Progression free survival (A), progression free interval (B), overall survival (C) and ovarian cancer-specific survival (D) for BRCA1/2 epithelial ovarian cancer patients with and without a BC history. BC, breast cancer; CI, confidence interval; HR, hazard ratio.

To address the possible impact of adjuvant chemotherapy administered for BC on the PFS and OCSS of subsequent EOC patients with BC before OC treated with chemotherapy and patients not treated with adjuvant chemotherapy for BC were separately analysed and compared with EOC patients without previous BC (Figure 2 and Supplementary Table 3). We observed that PFS and OCSS were especially worse for patients treated with adjuvant chemotherapy for previous BC vs patients without previous BC (median 1.5 vs 2.0, and median 5.0 vs 5.3 years, respectively). In the multivariate analyses these differences were significant (HRmult 2.38; 95% CI 1.40–4.02 and HRmult 1.99; 95% CI 1.21–3.31, respectively). The patients with a BC history not treated with adjuvant chemotherapy had similar PFS and OCSS compared with EOC patients without a BC history (HRmult 1.16; 95% CI 0.76–1.79 and HRmult 0.87; 95% CI 0.59–1.29, respectively; Figure 2 and Supplementary Table 3).

Figure 2
figure 2

Progression free survival (A) and ovarian cancer-specific survival (B) for BRCA1/2 epithelial ovarian cancer patients with and without adjuvant chemotherapy for BC and without a BC history. BC, breast cancer; CT, chemotherapy.

Discussion

In the current study, we observed a significantly worse PFS and PFI, in BRCA-associated EOC patients with a BC history vs EOC patients without a previous BC, not yet resulting in a significantly worse survival. A significantly worse OCSS, however, was found in BRCA-associated EOC patients treated with adjuvant chemotherapy for BC compared with EOC patients without previous BC.
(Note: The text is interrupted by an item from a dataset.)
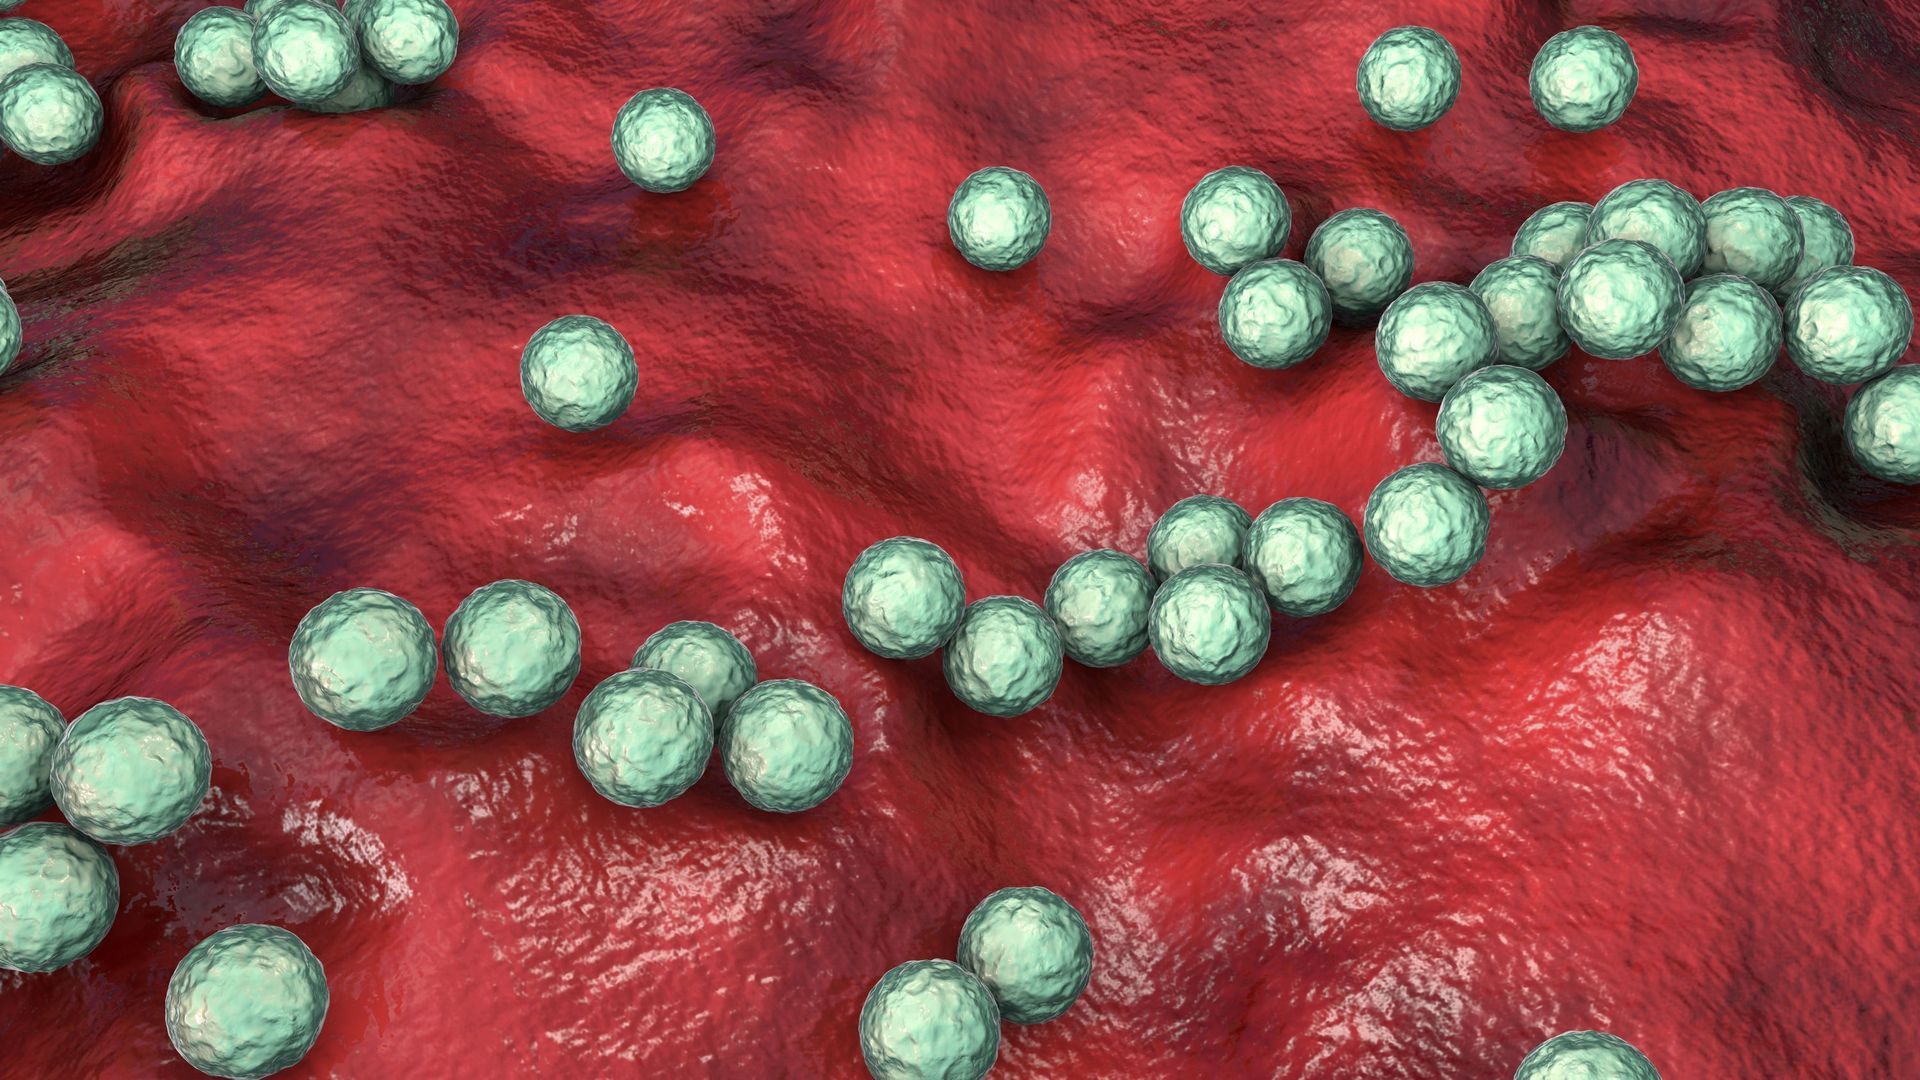 Streptococcus pyogenes bacteria, illustration.

No differences in grade, stage and histology were observed between both groups. A first hypothetical explanation for this survival difference might be that chemotherapy induces mutations and alters the behaviour of already present malignant EOC cells, or induces chromosomal instability in stem cells with subsequent development of EOC. Another possible explanation might be that treatment for the initial BC aggravates the (bone marrow) condition of the patient and, therefore, optimal therapy for EOC cannot be given to these patients. However, the time between BC diagnosis and OC diagnosis was not associated with outcome, suggesting that the condition of the patients is not the main reason for the worse survival in patients with a BC history.

The retrospective nature of the study brings corresponding limitations, such as different treatments regimens, and some missing data. Another limitation includes that the majority of the patients were tested for a BRCA1/2 mutation after EOC diagnosis (64% and 82% in the groups with and without a BC history, respectively), this will select for survivors. To account for this possible survivorship bias we have conducted left-truncation survival analyses. Because of the retrospective design, no firm conclusions can be drawn and our results should be confirmed in other (prospective) studies with greater sample size.
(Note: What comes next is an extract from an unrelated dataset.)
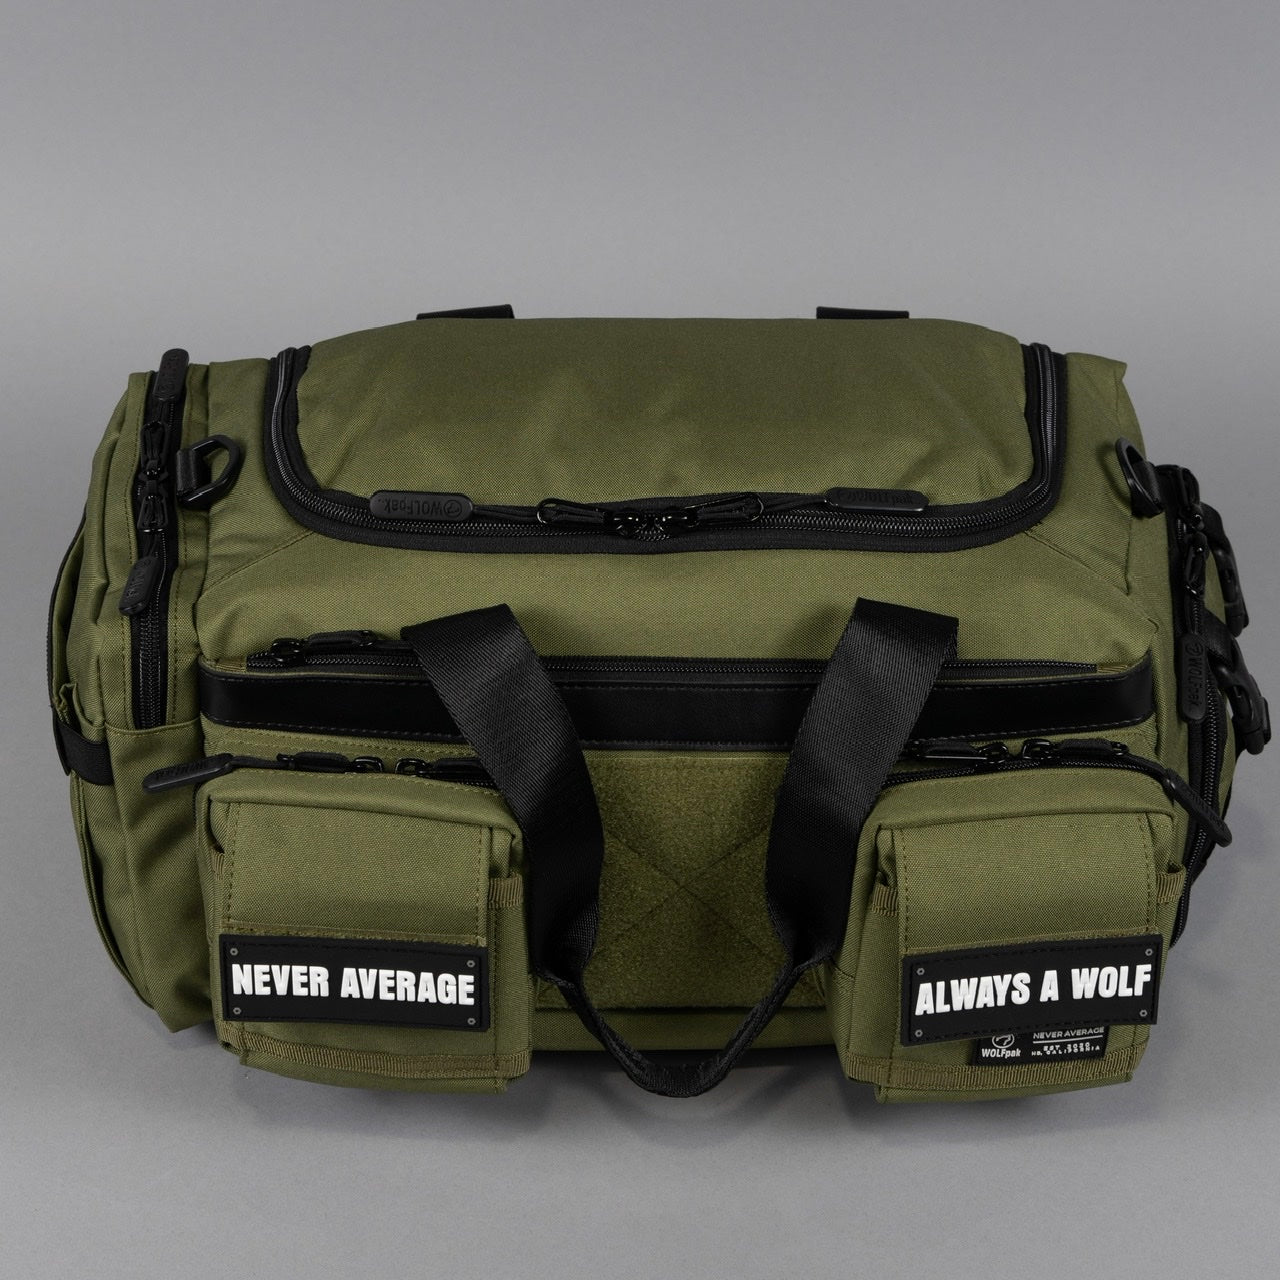 20L Mini Duffle Bag Athletic Green

The results of this study underline the importance of offering genetic testing to BC patients being at risk of BRCA1/2 mutation carriership. Newly diagnosed mutation carriers can then be informed about risk reducing salpingo-oophorectomy, which has been associated with improved survival (Finch et al, 2014). Further, we suggest that studies on survival in BRCA1/2-associated EOC should stratify for BC history.